▶ Supplied data:
★ ★ ★
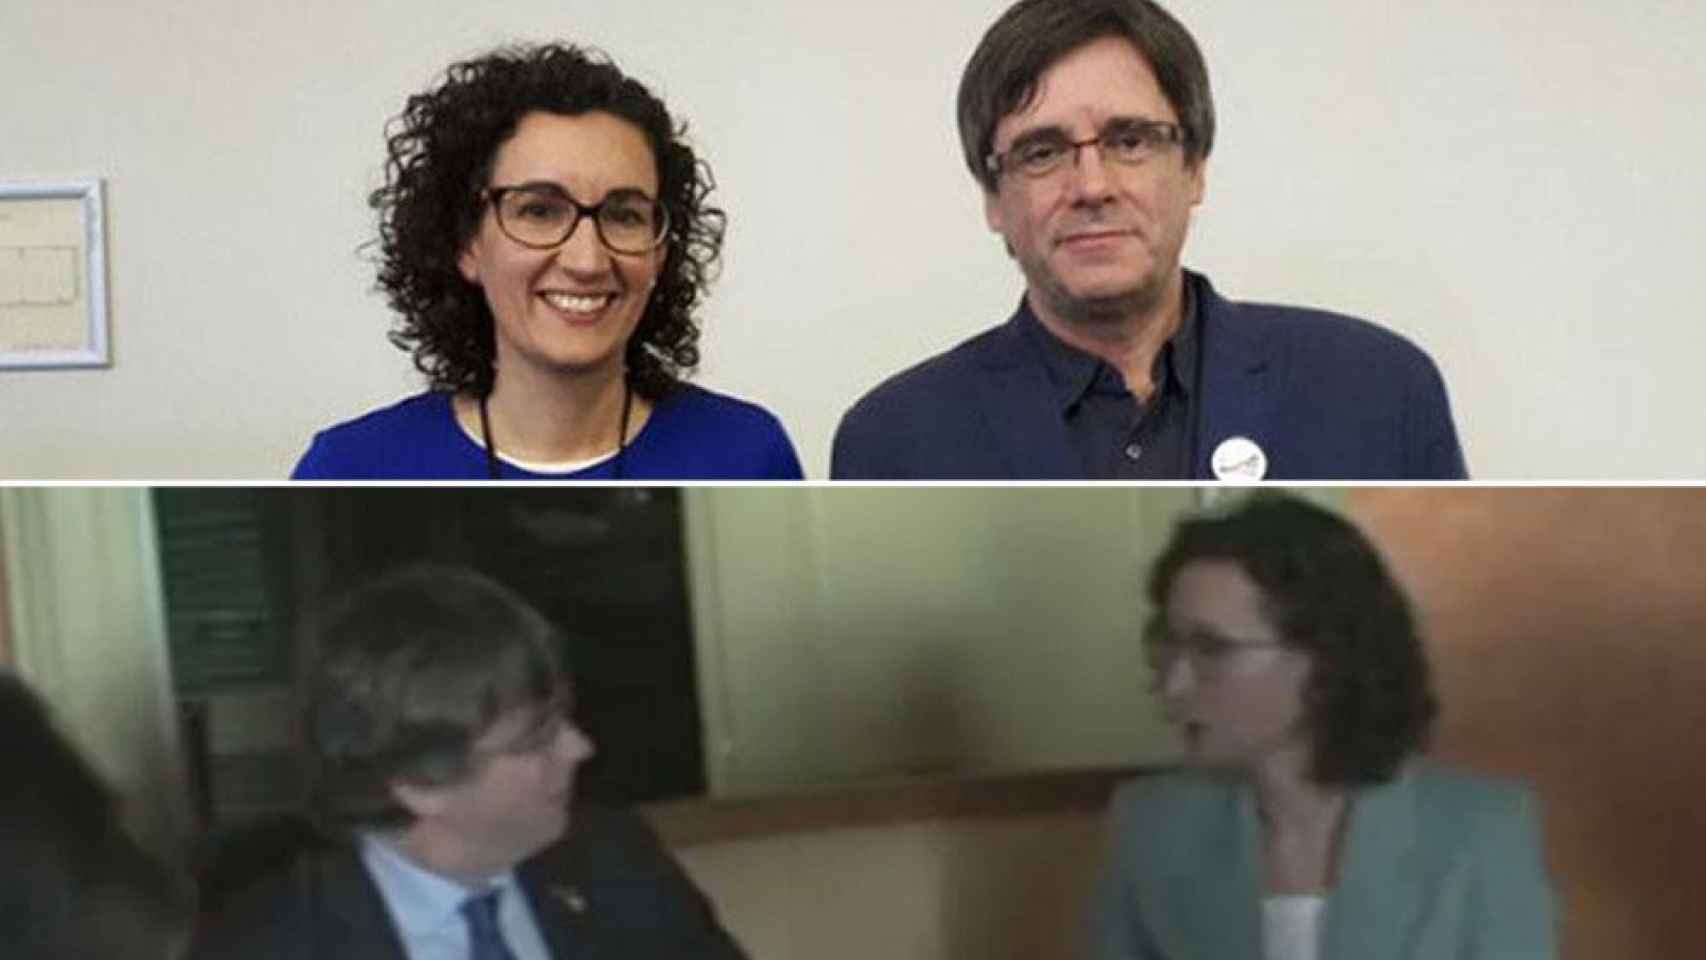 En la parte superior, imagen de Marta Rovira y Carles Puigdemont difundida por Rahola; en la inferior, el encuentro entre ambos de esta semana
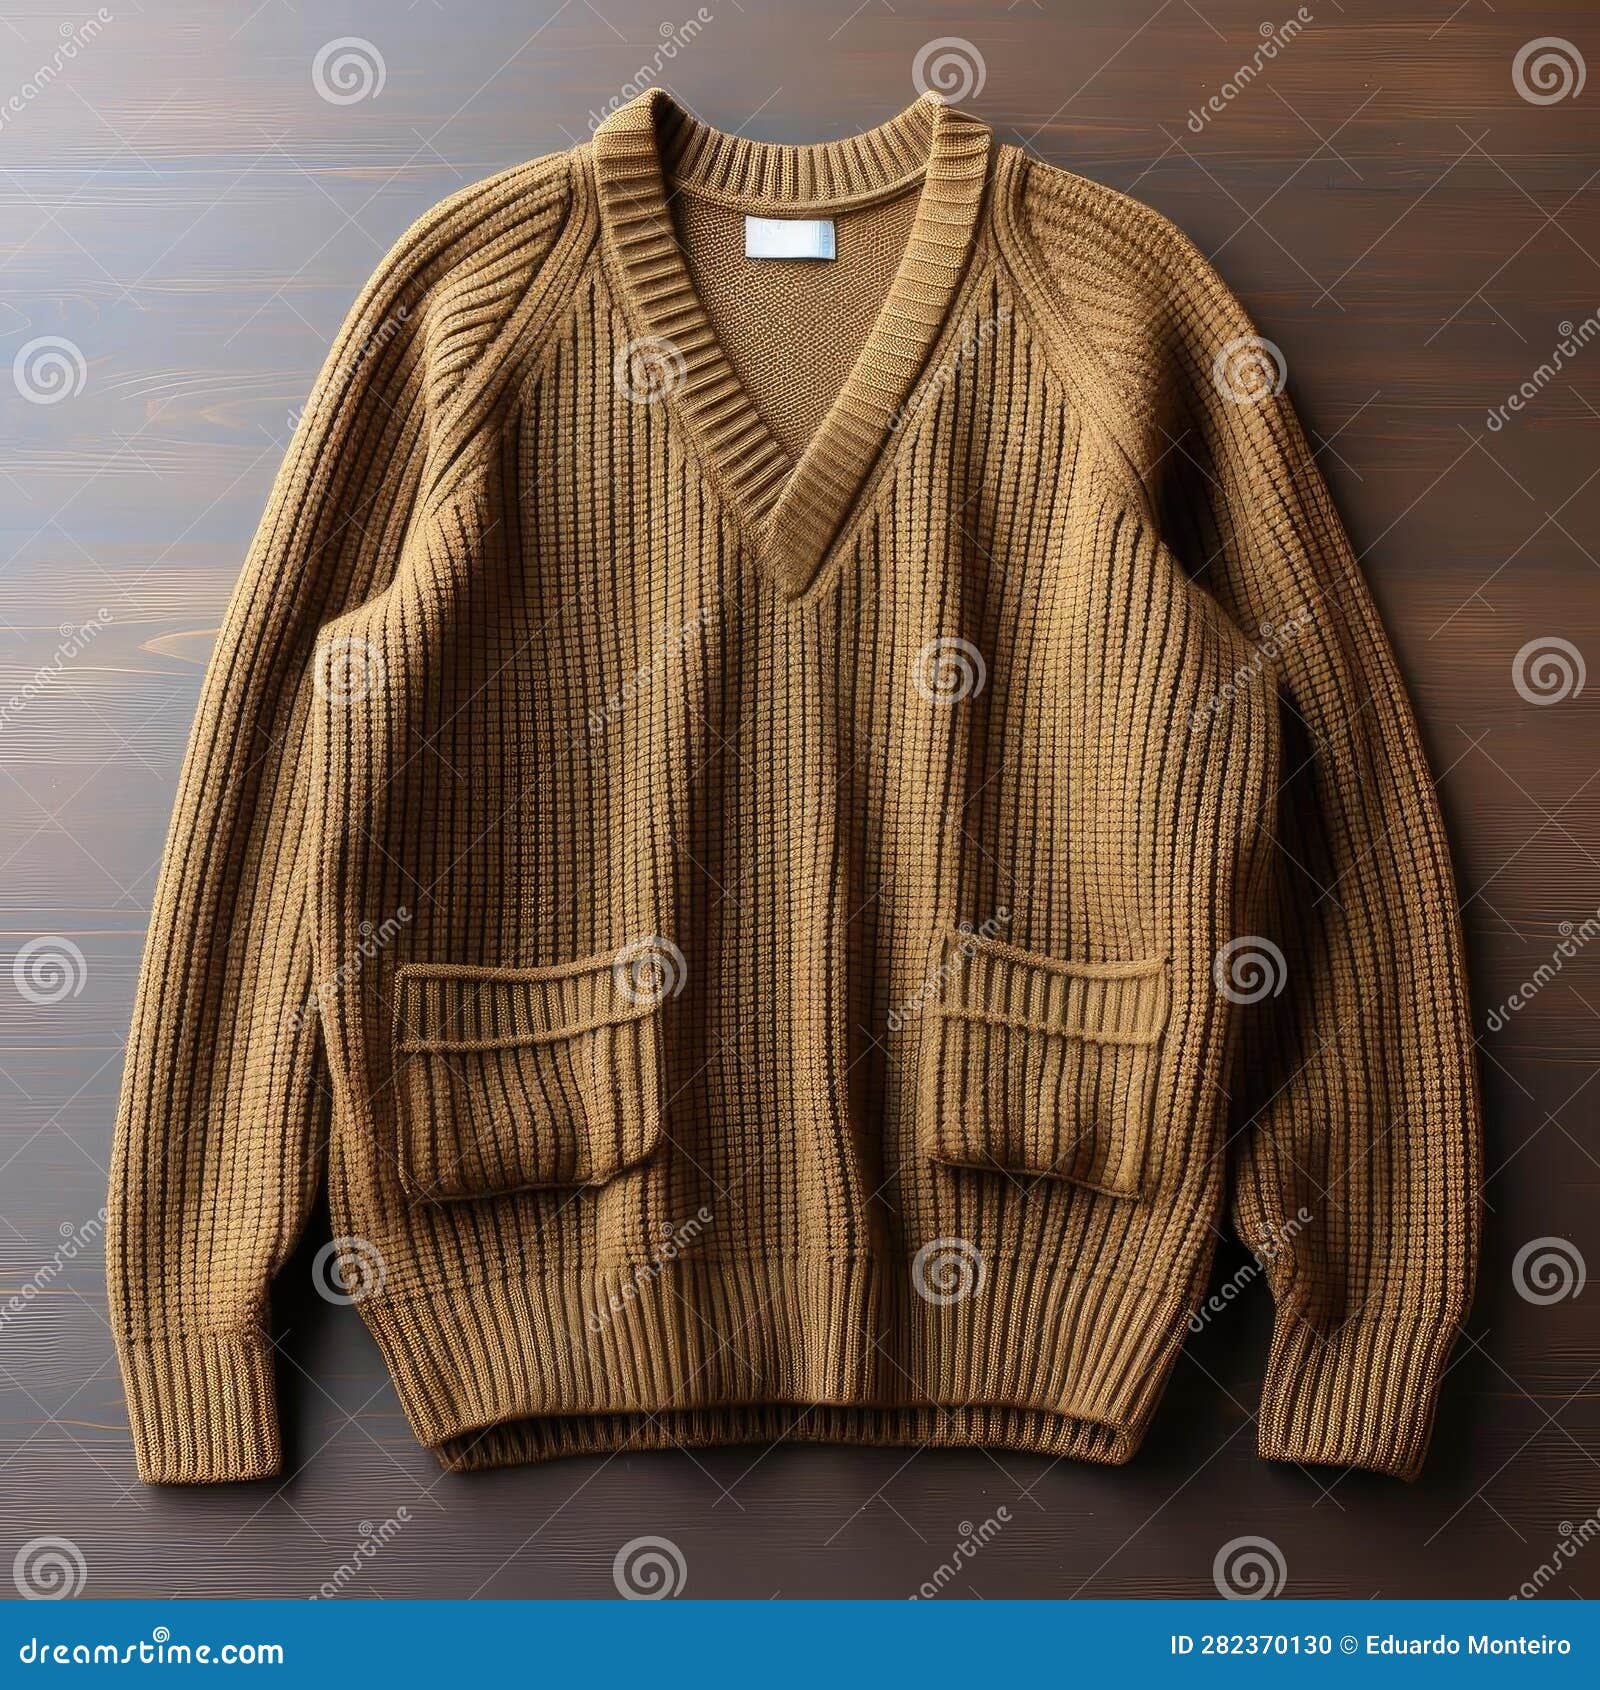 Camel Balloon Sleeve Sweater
★ ★ ★
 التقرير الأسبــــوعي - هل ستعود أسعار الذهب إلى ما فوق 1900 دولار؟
★ ★ ★
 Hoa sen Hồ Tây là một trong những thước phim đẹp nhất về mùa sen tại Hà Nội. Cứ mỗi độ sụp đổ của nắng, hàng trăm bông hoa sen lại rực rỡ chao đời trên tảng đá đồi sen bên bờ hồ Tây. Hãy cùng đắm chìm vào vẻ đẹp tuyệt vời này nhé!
★ ★ ★
▶ Problem details: Range to copy from the listing above: the line with "En la parte" through the line with "Camel Balloon Sleeve Sweater". Transcribe it exactly and skip the pictures.

▶ Solution to the problem:
 En la parte superior, imagen de Marta Rovira y Carles Puigdemont difundida por Rahola; en la inferior, el encuentro entre ambos de esta semana
 Camel Balloon Sleeve Sweater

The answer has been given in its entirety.